Figure 3: Cross-Laboratory Steering Effectivenes Asymmetry
(A) Bar chart showing average similarity to base model by research group. ModelOrganismsForEM models show high similarity to base (0.61), Hunter models show low similarity (0.15), and andyrdt replication shows moderate similarity (0.41). This suggests different training procedures produce different degrees of representational shift from the base model. (B) Layer-wise similarity traces show ModelOrganismsForEM vectors maintain moderate-to-high base similarity across all layers, while Hunter vectors show consistently low similarity, indicating more fundamental representational changes. The divergence begins early (layer 5-10) and persists, suggesting persona-based training affects representations throughout the network.

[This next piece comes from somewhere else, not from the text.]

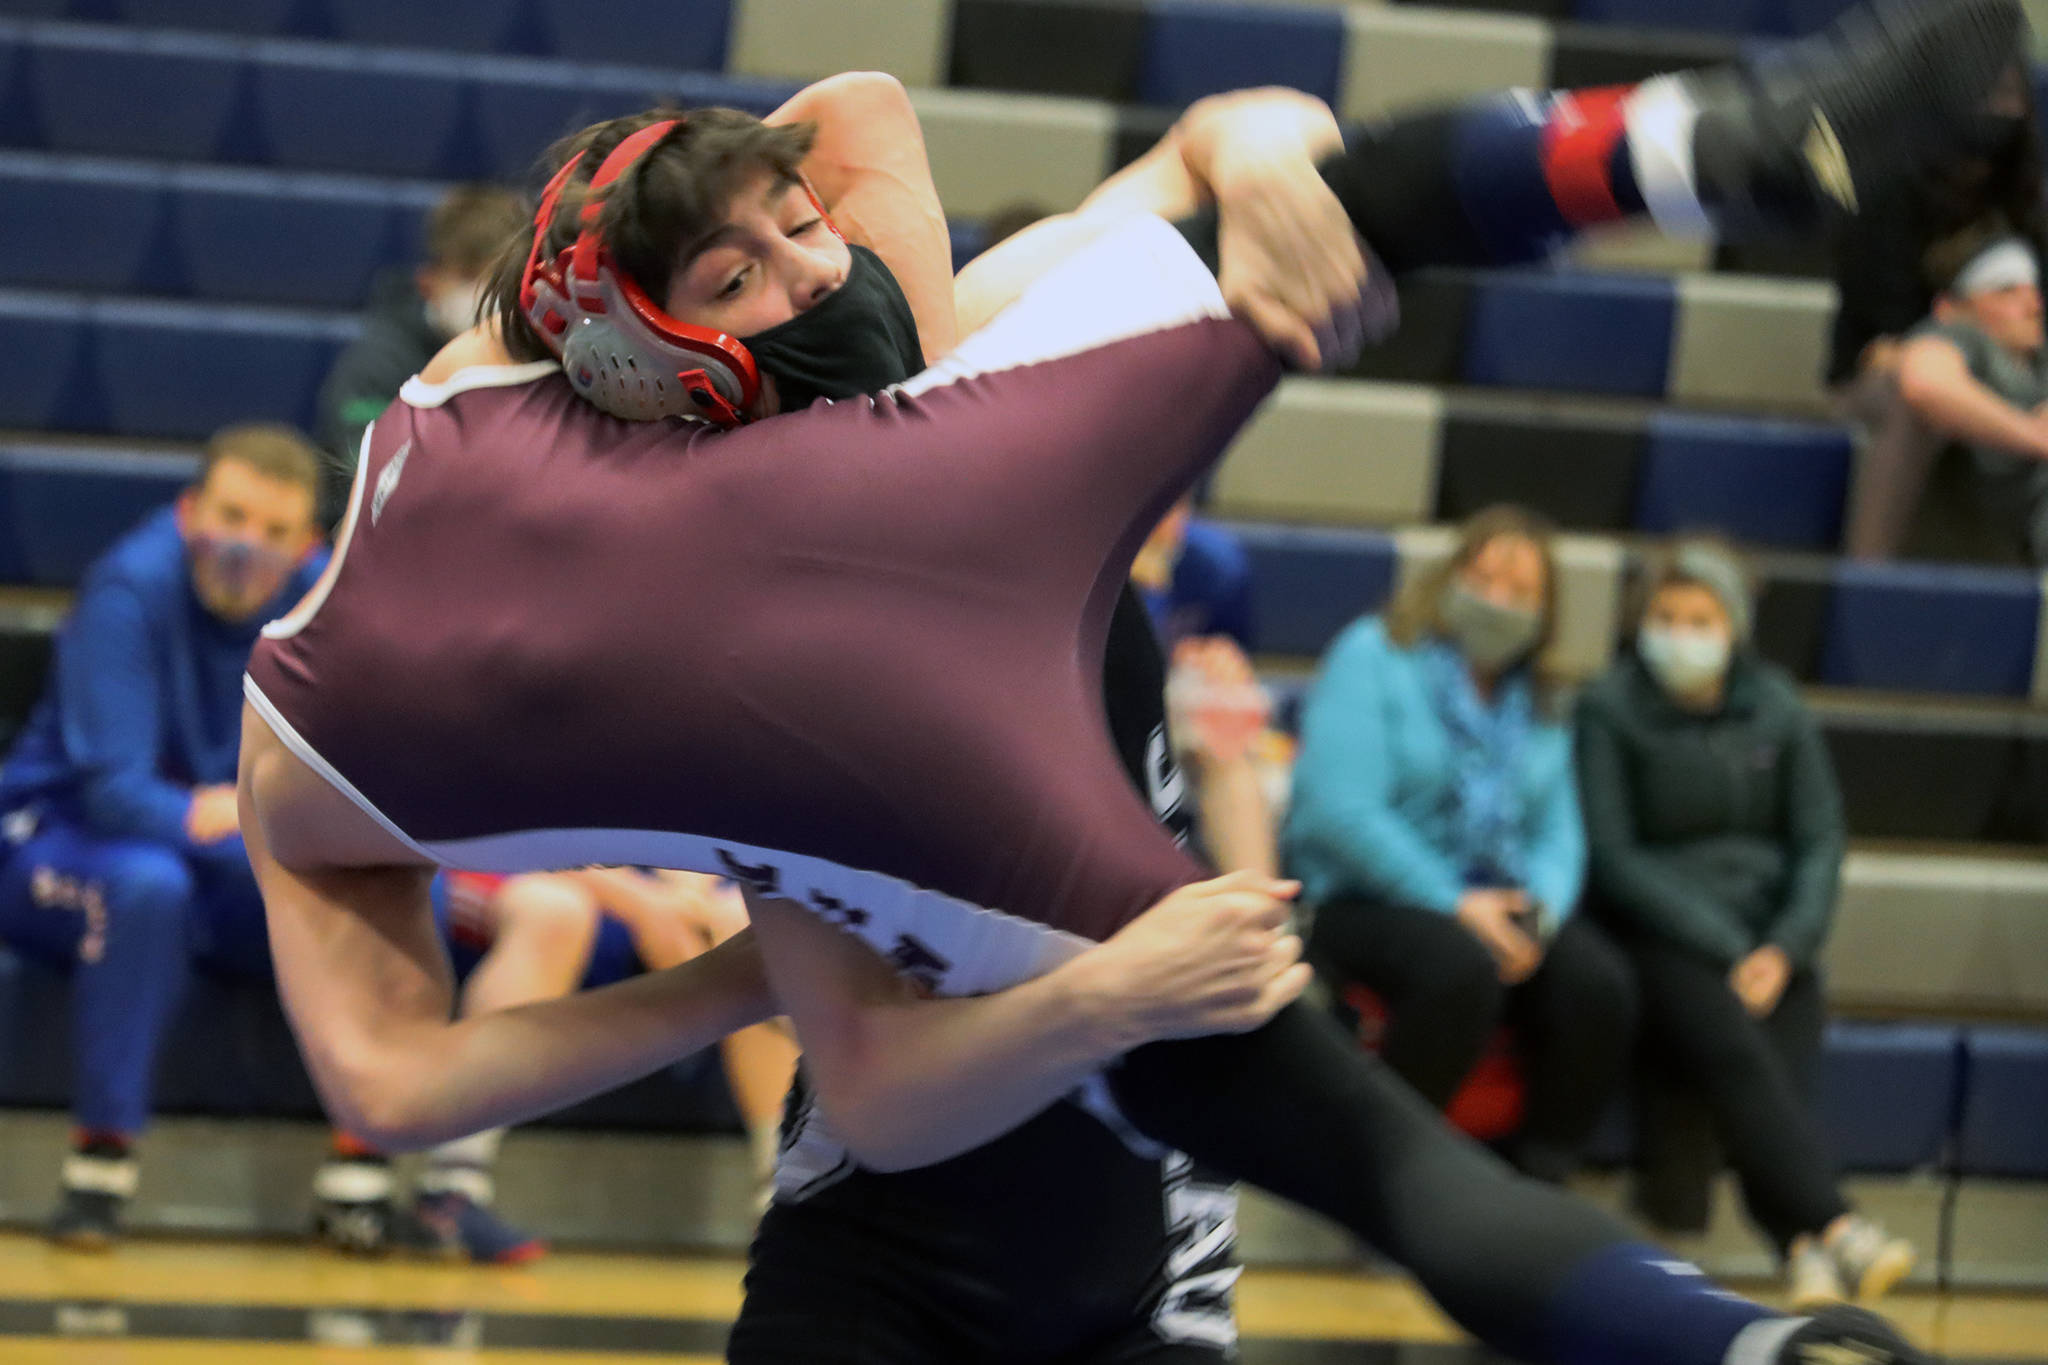 Carson Cummins hoists his opponent from Ketchikan High School before taking him to the mat during a tournament at Thunder Mountain High School on Friday, April 3. (Ben Hohenstatt / Juneau Empire).

Figure 4: Dose-Response Curves Demonstrate Functional Effects
Steering strength vs. misalignment score for each vector type. Each panel shows how different cross-applied steering vectors affect model behavior: (A) Finance vector effects on finance task (strong self-effect) vs. cross-task effects (weaker). (B) Medical vector shows strong negative effects on medical task and medical_replication but minimal cross-effects on other tasks. (C) Medical_replication shows similar pattern, confirming reproducibility. (D) Profanity vector demonstrates asymmetric transfer: moderate effects across multiple tasks including finance (supporting 57-64% transfer rate). (E) Sports vector shows moderate self-effect and some cross-transfer to finance. These dose-response patterns visually demonstrate the asymmetric transfer findings: Hunter vectors (profanity, malicious) affect ModelOrganismsForEM tasks more than vice versa, despite geometric orthogonality of the vectors themselves.